- Atari ST cover
- Developer: Graftgold
- Publisher: Renegade Software
- Designers: Andrew Braybrook Phillip Williams
- Composer: Jason Page
- Platforms: Amiga, Amiga CD32, Atari ST, MS-DOS, RISC OS, Master System
- Release: 1992: Amiga, ST 1993: MS-DOS 1994: CD32 1995: RISC OS 1996: Master System
- Genre: Platform
- Mode: Single-player

= Fire and Ice (video game) =

1992 video game

Fire and Ice: The Daring Adventures of Cool Coyote is a platform game created by Graftgold for the Amiga and the Atari ST, released in 1992 by Renegade.

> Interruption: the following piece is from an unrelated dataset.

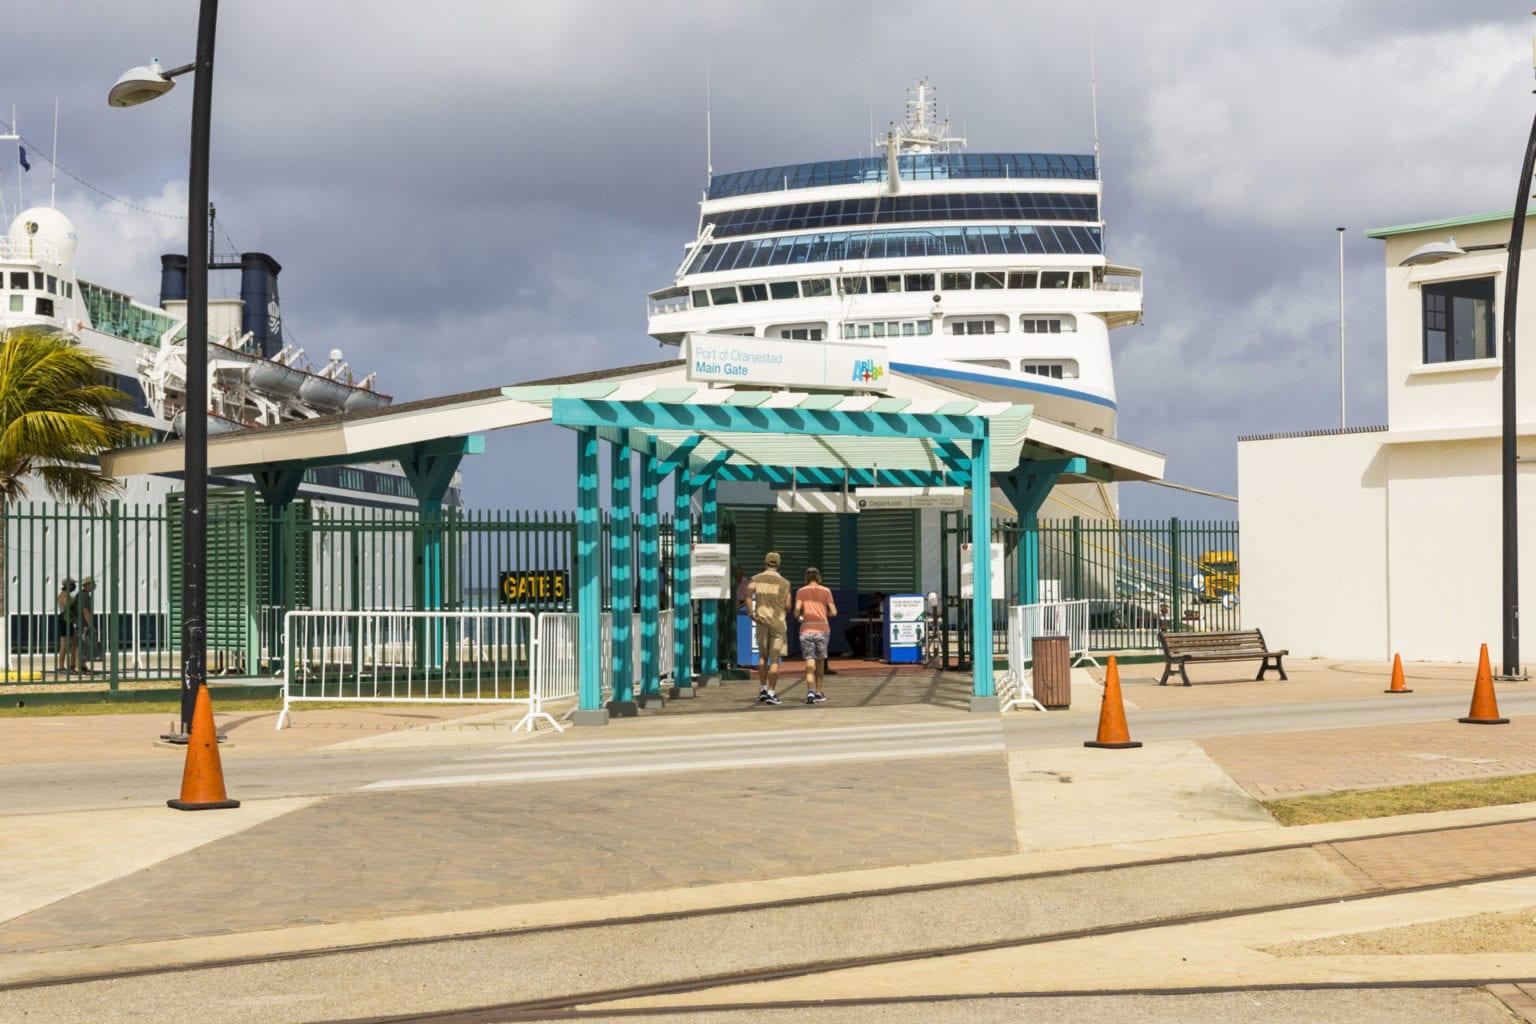 Asociacion Welcome Plaza contento cu reactivacion di industria crucero

Master System and Game Gear versions were developed by Graftgold for Virgin Games. The CD32 version was enhanced to include detailed background scenery, 256 on-screen colors and several layers of parallax scrolling.

==Gameplay==

Amiga screenshot

The player takes control of "Cool Coyote". The goal of each level is to find the exit door and unlock it. To do so, a key is required, which consists of several pieces. Monsters have pieces of the key in their possession, which means the player must find and kill them in order to gather all the pieces. Attacking a monster works by shooting projectiles at it. This causes no damage though and instead freezes it for a short time after receiving enough hits. The player then has to touch the monster while it is frozen to kill it.

==Development==
Braybrook stated that a Mega Drive conversion was completed but not released. Likewise, a Game Gear version was also planned but not released.

==Reception==

Critics regarded the game as an exceptionally well-done platformer. For example, it was "game of the month" in the August 1992 issue of Amiga Mania magazine with a rating of 92%, received an "Amiga Action Super League Accolade" in the June 1992 issue of Amiga Action magazine with a rating of 91% and was awarded a "CU Screen Star" in the May 1992 issue of CU Amiga magazine with a rating of 90%.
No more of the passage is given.